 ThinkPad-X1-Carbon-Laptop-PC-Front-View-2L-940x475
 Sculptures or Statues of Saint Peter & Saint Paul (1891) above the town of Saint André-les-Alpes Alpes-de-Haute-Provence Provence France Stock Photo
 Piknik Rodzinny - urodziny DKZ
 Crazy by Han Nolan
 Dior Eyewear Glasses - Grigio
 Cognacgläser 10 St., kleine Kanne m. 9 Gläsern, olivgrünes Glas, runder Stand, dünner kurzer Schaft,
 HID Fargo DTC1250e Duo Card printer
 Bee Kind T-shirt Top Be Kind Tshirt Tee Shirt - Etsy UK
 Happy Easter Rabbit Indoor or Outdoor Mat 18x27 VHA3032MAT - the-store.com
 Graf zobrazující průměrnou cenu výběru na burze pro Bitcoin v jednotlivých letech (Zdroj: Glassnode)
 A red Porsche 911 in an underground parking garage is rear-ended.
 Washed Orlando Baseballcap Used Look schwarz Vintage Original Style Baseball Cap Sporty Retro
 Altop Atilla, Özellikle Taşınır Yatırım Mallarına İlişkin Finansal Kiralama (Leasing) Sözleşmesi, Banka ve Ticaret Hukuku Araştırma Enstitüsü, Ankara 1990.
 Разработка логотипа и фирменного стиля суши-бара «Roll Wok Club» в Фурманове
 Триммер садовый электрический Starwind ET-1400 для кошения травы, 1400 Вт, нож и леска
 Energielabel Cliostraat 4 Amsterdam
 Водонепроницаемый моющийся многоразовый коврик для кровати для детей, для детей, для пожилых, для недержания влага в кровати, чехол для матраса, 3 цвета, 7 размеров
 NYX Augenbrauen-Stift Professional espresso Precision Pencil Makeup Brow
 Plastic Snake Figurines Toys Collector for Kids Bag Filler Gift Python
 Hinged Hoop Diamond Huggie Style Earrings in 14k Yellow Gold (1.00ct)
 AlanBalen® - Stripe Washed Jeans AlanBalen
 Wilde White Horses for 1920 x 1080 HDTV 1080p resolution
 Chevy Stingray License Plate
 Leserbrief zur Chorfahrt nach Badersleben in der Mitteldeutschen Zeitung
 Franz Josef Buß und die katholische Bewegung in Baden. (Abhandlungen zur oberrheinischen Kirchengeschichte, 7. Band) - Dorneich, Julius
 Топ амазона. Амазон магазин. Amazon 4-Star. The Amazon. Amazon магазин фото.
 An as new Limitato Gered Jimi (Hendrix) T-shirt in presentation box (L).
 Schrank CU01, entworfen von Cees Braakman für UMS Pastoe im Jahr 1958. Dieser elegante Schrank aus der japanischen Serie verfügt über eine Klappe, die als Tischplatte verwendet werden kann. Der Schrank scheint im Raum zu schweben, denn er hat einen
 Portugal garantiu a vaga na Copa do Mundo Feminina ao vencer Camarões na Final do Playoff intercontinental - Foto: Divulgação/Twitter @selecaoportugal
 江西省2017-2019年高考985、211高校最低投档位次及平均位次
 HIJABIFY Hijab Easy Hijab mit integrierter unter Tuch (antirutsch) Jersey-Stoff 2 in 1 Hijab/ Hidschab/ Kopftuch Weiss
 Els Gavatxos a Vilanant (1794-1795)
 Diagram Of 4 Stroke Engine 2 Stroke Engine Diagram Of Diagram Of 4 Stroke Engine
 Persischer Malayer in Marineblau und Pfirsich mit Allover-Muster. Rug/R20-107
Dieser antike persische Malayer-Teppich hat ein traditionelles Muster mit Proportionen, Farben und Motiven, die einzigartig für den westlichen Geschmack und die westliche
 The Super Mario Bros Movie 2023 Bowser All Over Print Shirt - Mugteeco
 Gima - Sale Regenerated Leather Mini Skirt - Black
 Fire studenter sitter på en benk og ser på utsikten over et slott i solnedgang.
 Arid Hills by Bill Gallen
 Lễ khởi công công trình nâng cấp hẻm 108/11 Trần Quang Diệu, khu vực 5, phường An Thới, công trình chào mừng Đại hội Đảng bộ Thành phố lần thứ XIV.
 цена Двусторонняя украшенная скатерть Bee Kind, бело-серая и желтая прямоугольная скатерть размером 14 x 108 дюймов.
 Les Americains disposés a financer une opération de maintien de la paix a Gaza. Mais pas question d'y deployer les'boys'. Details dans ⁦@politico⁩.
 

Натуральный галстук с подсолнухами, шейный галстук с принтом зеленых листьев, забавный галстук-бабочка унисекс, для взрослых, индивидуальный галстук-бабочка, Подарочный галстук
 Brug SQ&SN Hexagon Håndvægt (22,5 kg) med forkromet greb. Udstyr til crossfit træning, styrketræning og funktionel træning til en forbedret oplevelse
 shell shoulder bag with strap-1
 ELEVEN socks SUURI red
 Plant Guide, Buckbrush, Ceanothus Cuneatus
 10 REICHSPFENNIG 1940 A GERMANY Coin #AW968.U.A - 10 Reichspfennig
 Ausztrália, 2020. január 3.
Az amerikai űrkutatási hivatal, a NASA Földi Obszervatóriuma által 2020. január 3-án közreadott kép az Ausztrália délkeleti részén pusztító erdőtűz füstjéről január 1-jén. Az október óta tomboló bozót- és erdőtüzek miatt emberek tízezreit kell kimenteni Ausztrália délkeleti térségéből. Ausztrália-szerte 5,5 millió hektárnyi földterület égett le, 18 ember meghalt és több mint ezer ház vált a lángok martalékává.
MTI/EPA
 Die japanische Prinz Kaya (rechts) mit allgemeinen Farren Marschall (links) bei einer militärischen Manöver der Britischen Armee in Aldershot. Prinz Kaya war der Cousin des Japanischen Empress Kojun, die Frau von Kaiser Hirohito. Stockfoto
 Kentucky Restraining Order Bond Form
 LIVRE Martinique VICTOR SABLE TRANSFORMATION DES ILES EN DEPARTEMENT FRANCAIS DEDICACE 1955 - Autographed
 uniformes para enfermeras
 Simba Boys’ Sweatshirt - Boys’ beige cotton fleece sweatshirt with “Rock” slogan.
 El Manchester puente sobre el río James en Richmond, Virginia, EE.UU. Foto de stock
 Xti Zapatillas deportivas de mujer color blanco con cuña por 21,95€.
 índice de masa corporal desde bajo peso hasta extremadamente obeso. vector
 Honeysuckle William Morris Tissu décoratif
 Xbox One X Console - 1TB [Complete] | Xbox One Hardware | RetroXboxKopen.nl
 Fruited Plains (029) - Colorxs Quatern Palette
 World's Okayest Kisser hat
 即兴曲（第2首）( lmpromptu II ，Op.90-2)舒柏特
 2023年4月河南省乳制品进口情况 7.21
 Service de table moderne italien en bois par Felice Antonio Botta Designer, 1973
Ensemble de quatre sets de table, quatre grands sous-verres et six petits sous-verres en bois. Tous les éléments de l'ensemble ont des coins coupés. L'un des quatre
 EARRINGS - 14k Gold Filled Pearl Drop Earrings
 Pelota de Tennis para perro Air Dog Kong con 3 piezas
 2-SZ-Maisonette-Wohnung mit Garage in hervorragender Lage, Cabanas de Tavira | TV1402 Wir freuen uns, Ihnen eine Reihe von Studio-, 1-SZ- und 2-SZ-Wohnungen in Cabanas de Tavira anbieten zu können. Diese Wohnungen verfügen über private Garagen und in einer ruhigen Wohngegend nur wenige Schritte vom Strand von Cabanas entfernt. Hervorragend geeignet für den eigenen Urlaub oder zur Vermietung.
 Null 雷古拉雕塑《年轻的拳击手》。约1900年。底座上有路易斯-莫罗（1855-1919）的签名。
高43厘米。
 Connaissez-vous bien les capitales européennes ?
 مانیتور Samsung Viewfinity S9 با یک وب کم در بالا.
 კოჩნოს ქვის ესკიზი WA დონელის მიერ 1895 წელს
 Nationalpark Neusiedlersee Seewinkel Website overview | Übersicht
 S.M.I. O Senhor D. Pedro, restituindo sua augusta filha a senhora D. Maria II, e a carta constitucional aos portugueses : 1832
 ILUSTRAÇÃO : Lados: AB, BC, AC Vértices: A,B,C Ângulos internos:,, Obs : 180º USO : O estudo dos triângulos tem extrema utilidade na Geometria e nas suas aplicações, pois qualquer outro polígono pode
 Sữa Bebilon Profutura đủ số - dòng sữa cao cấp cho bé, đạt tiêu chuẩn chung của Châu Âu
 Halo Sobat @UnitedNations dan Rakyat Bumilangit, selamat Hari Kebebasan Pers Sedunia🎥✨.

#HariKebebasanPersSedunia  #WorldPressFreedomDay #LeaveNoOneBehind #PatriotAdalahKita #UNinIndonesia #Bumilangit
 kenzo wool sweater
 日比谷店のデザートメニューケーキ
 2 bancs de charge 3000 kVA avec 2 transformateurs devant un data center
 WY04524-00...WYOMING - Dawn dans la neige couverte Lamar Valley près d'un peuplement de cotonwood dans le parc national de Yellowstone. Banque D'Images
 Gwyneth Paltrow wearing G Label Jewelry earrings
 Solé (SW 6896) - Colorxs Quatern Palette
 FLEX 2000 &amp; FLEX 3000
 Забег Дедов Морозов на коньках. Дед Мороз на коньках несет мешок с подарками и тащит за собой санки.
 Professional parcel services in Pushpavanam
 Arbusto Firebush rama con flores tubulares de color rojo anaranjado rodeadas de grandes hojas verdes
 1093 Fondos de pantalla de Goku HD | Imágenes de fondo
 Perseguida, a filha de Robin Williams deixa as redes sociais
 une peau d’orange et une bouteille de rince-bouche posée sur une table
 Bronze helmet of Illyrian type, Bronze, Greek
== == ==
### Work instructions:
Set down, exactly as they stand above, the lines starting with the line with "The Super Mario" and going on through the line with "Arid Hills by Bill Gallen", and no others.

### The answer:
 The Super Mario Bros Movie 2023 Bowser All Over Print Shirt - Mugteeco
 Gima - Sale Regenerated Leather Mini Skirt - Black
 Fire studenter sitter på en benk og ser på utsikten over et slott i solnedgang.
 Arid Hills by Bill Gallen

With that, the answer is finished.